Is anyone already working on this? Otherwise, I will do it.

> TextToVectorUpdateProcessor does not work with partial update
> -------------------------------------------------------------
>
>                 Key: SOLR-17843
>                 URL: https://issues.apache.org/jira/browse/SOLR-17843
>             Project: Solr
>          Issue Type: Bug
>      Security Level: Public(Default Security Level. Issues are Public) 
>          Components: UpdateRequestProcessors, vector-search
>    Affects Versions: 9.9
>         Environment: I'm working on an *Ubuntu 22* VM, running a local 
> Datafari 6.3-DEV server with {*}Solr 9.9{*}.
>  
>            Reporter: Emeric Bernet-Rollande
>            Priority: Minor
>         Attachments: solrconfig.xml
>
>
> Hi,
> I'm working on *Solr 9.9* and using the *TextToVectorUpdateProcessor* to 
> enrich documents with semantic vectors. However, I am facing an issue when I 
> try to use this processor with {_}*atomic update*{_}.
>  
> h2. Full context: Indexing / embeddings workflow
> Solr is installed as a component of a search engine, Datafari. In this 
> scenario, Datafari crawles documents from a source (File share, web...), and 
> index them in a *FileShare* collection.
> This FileShare collection has an Update Processor that chunks all documents 
> into smaller subdocuments (chunks), and send them to the *VectorMain* 
> collection.
> Now, I need to vectorise the content of the chunks, using the 
> [TextToVectorUpdateProcessor|https://solr.apache.org/guide/solr/latest/query-guide/text-to-vector.html].
> I used to call this processor in the main processor chain, so all incoming 
> chunks were embedded. Most of the time, it worked well, but this solution has 
> two major issues:
>  * It significantly increases the indexing time
>  * When an embedding fails for any reason (timeout, network error, LLM 
> exception...), the associated chunk {*}was not indexed{*}.
> That is why I decided to dissociate the indexing from embeddings using 
> [Atomic 
> Update|https://solr.apache.org/guide/solr/latest/indexing-guide/partial-document-updates.html].
> Here is the new workflow:
>  * Chunks are indexed in the VectorMain collection without embeddings.

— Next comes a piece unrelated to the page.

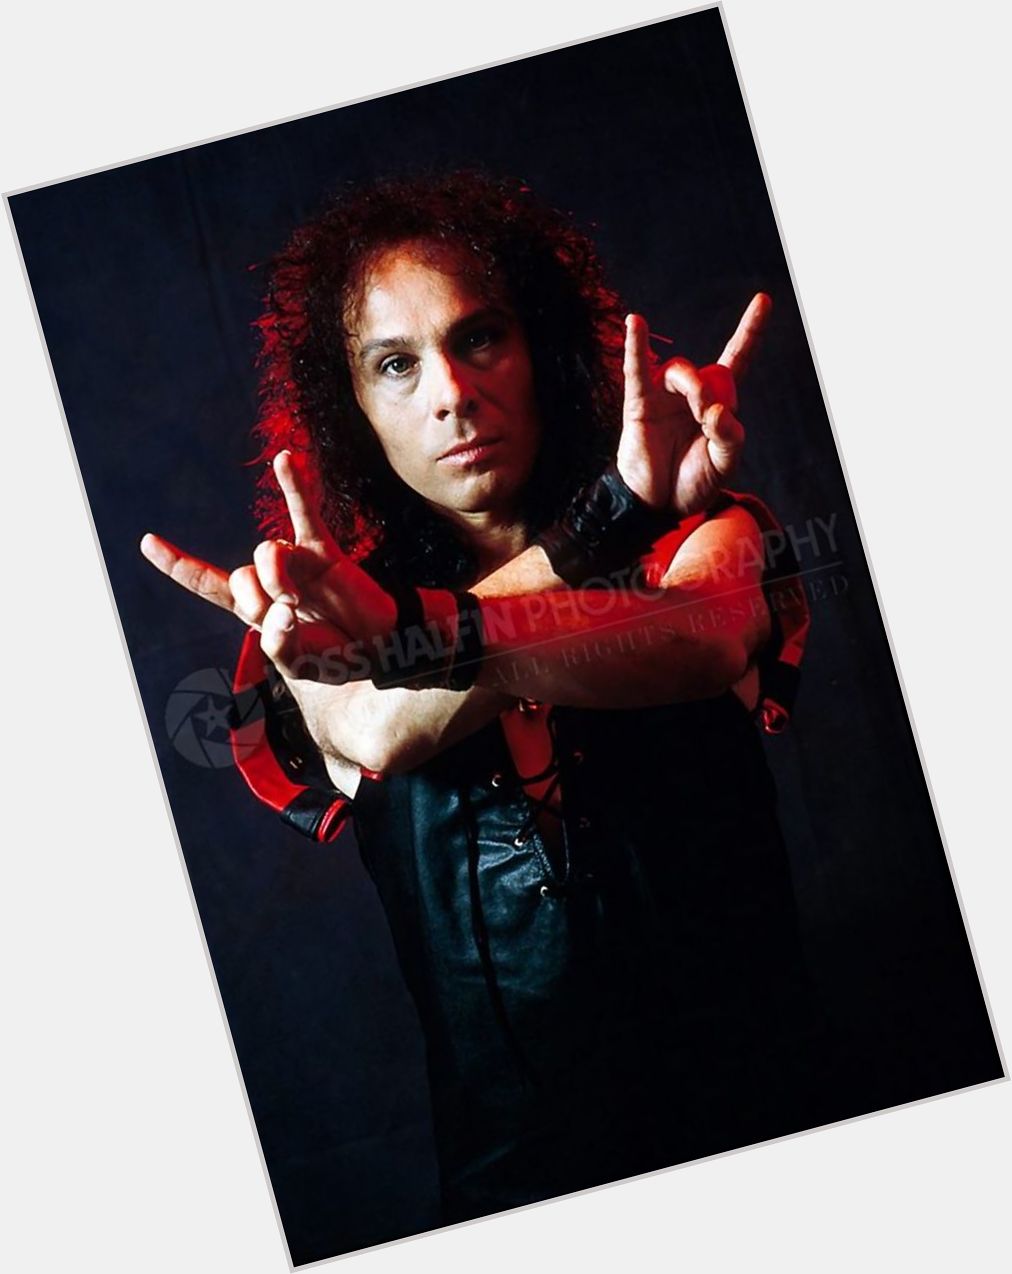 Ronnie James Dio would have been 75 today, July 10th.
Happy Birthday Ronnie!

The 
> text content is stored in the "{_}*embedded_content*{_}" field.
> {code:java}
> <field name="embedded_content" type="text_general" indexed="true" 
> stored="true" multiValued="false"/> {code}
>  * Then, we manually job the {*}Atomic Updates Jobs{*}, that retrieves all 
> the documents from VectorMain, and sends update requests to each of them 
> using the "{_}*/update/embed*{_}" handler. Here is what the requests look 
> like: 
> {code:java}
> [
>     ....
>     {
>               "id": "file://///localhost/dataset/my_document.txt_4",
>         "embedded_content": { "set": "Lorem ipsum dolor sit amet, consectetur 
> adipiscing elit. Aenean aliquet quam sed convallis malesuada." }
>     },
>     ...
> ]{code}
>  And here is the handler & processor chain:
> {code:java}
> <!-- Request handler -->
> <requestHandler class="solr.UpdateRequestHandler" name="/update/embed">
>     <lst name="defaults">
>         <str name="lowernames">true</str>
>         <str name="fmap.language">ignored_</str>
>         <str name="fmap.source">ignored_</str>
>         <str name="fmap.version">ignored_</str>
>         <str name="fmap._version_">ignored_</str>
>         <str name="uprefix">ignored_</str>
>         <str name="update.chain">datafari-embed</str>
>     </lst>
> </requestHandler> {code}
> {code:java}
> <!-- Processor chain -->
> <updateRequestProcessorChain name="datafari-embed">
>     <processor 
> class="solr.llm.textvectorisation.update.processor.TextToVectorUpdateProcessorFactory">
>         <str name="inputField">embedded_content</str>
>         <str name="outputField">${texttovector.outputfield:vector_1536}</str>
>         <str name="model">${texttovector.model:default_model}</str>
>     </processor>
>     <processor 
> class="com.francelabs.datafari.updateprocessor.VectorTaggerUpdateProcessorFactory">
>         <str name="enabled">true</str>
>         <str name="outputField">${texttovector.outputfield:vector_1536}</str>
>     </processor>
>     <processor class="solr.LogUpdateProcessorFactory"/>
>     <processor class="solr.DistributedUpdateProcessorFactory"/>
>     <processor class="solr.RunUpdateProcessorFactory"/>
> </updateRequestProcessorChain>{code}
>  * The *TextToVectorUpdateProcessor* takes the value of 
> "{*}embedded_content{*}", sends it to the external embeddings model (here, 
> I'm using our homemade [Datafari AI 
> Agent|https://datafari.atlassian.net/wiki/spaces/DATAFARI/pages/3522854915/AI+Agent+-+API+documentation]).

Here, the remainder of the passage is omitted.